The point being that lots of organized interests by now are attuned to the U.S.’s unworkable, unenforceable, chaos-producing border policies. The Transnational Institute points out that the 13 biggest border security companies’ top employees contributed three times as much in 2020 to Mr. Biden as they did to Mr. Trump—$5,364,994 vs. $1,730,435. The statistic nobody keeps is how many would-be immigrants lose their deterrence bet, dying at the hands of traffickers, or in the Sonora desert or the Rio Grande. The Mexican government once estimated that 450 die annually on either side of the border.

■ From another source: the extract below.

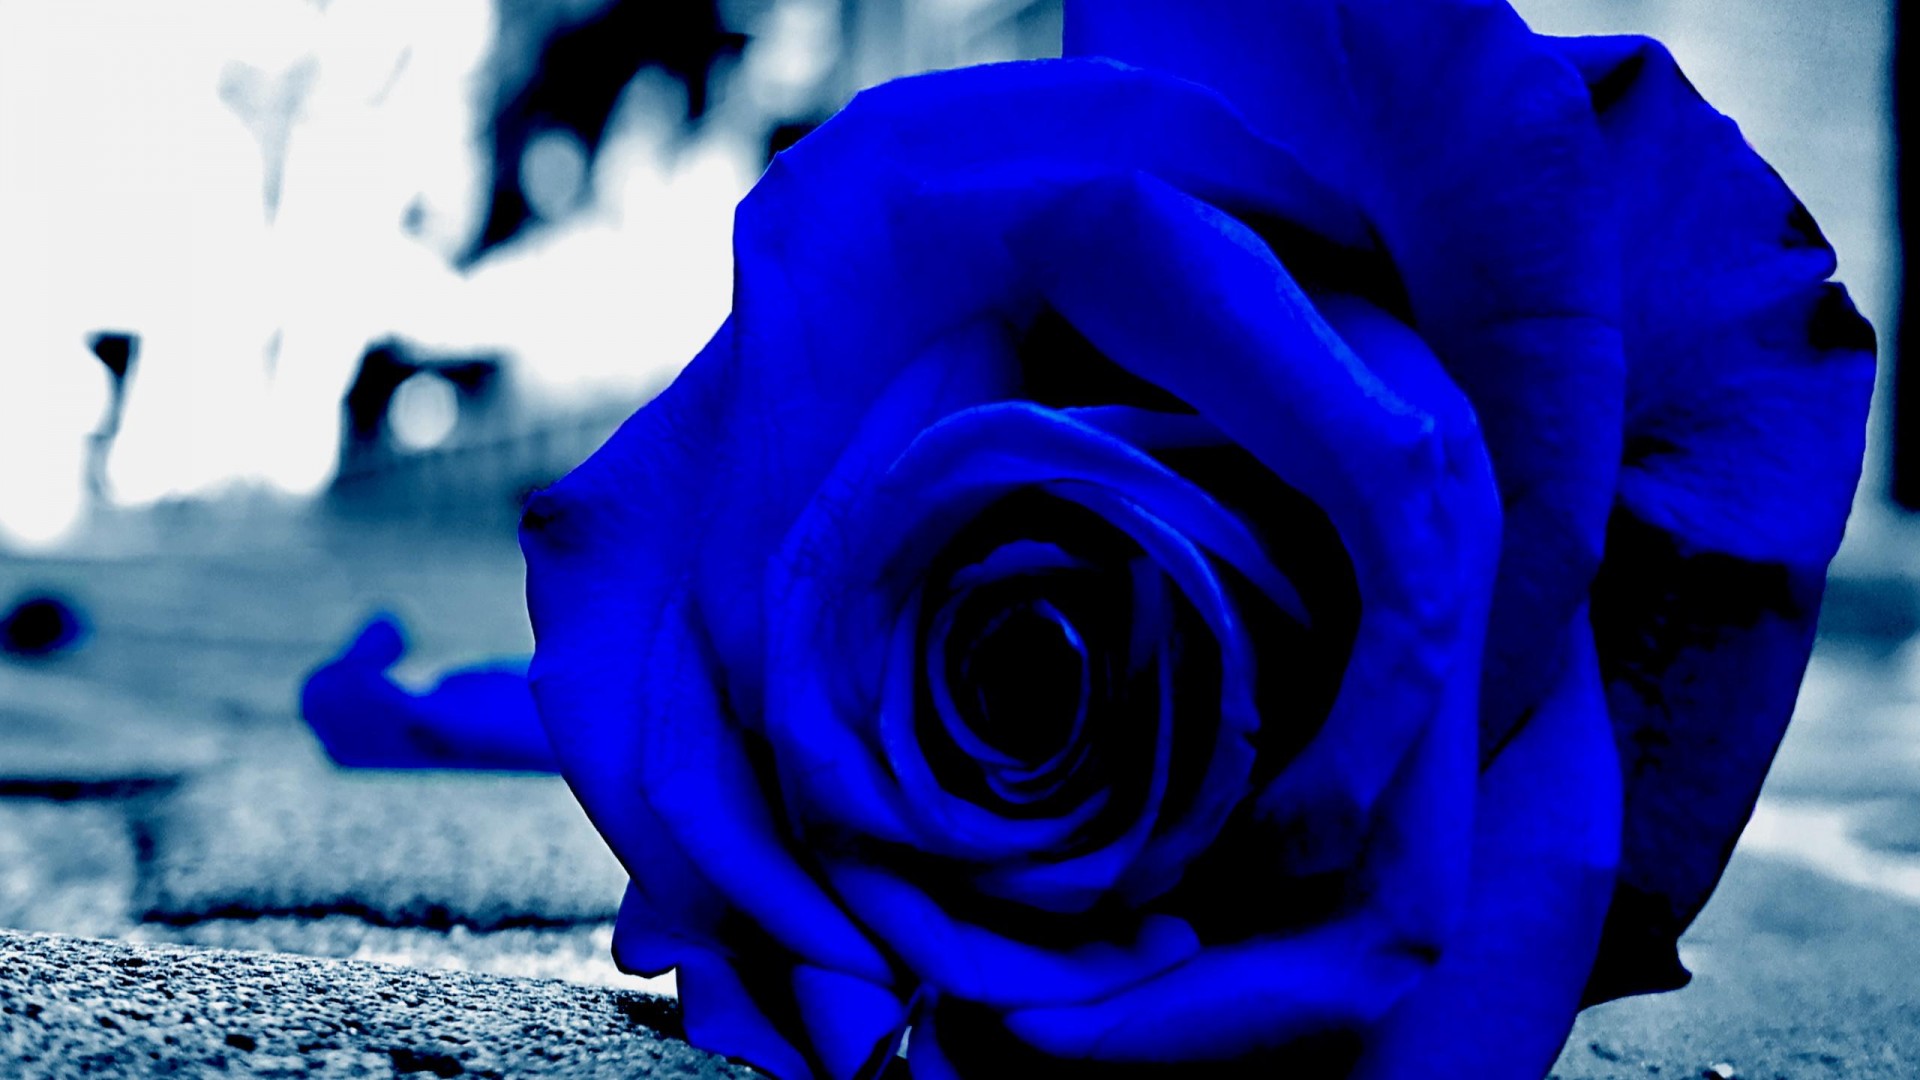 Best Of Mobile Iphone Flower Rose Blue Rose Backgrounds Wallpaper Hd

The Biden strategy seems not devised to improve matters, if there’s any strategy at all. The administration has only incited a fresh flood of risk takers. If there’s a strategy, it may be a political strategy—the same as seen behind two gun-control bills last week passed by House Democrats. Cram as many gestures to the left as possible into the administration’s first weeks in hopes of changing the subject when next year’s Congressional midterms roll around.
Hope too that Congress’s and the Fed’s unlimited spending will coincide with a post-pandemic boom that an amnesiac media and public will interpret as the universe shining on Mr. Biden after the Trump darkness.
Ironically, the image-obsessed Mr. Trump did seem to care about concrete outcomes: a decline in border arrests, higher wages for unskilled workers, billions in tariffs collected from buyers of Chinese imports, vaccines—as if Mr. Trump mistily suspected there was a real world and a president could affect it. If Mr. Biden has such notions, he might hold a press conference to let us know.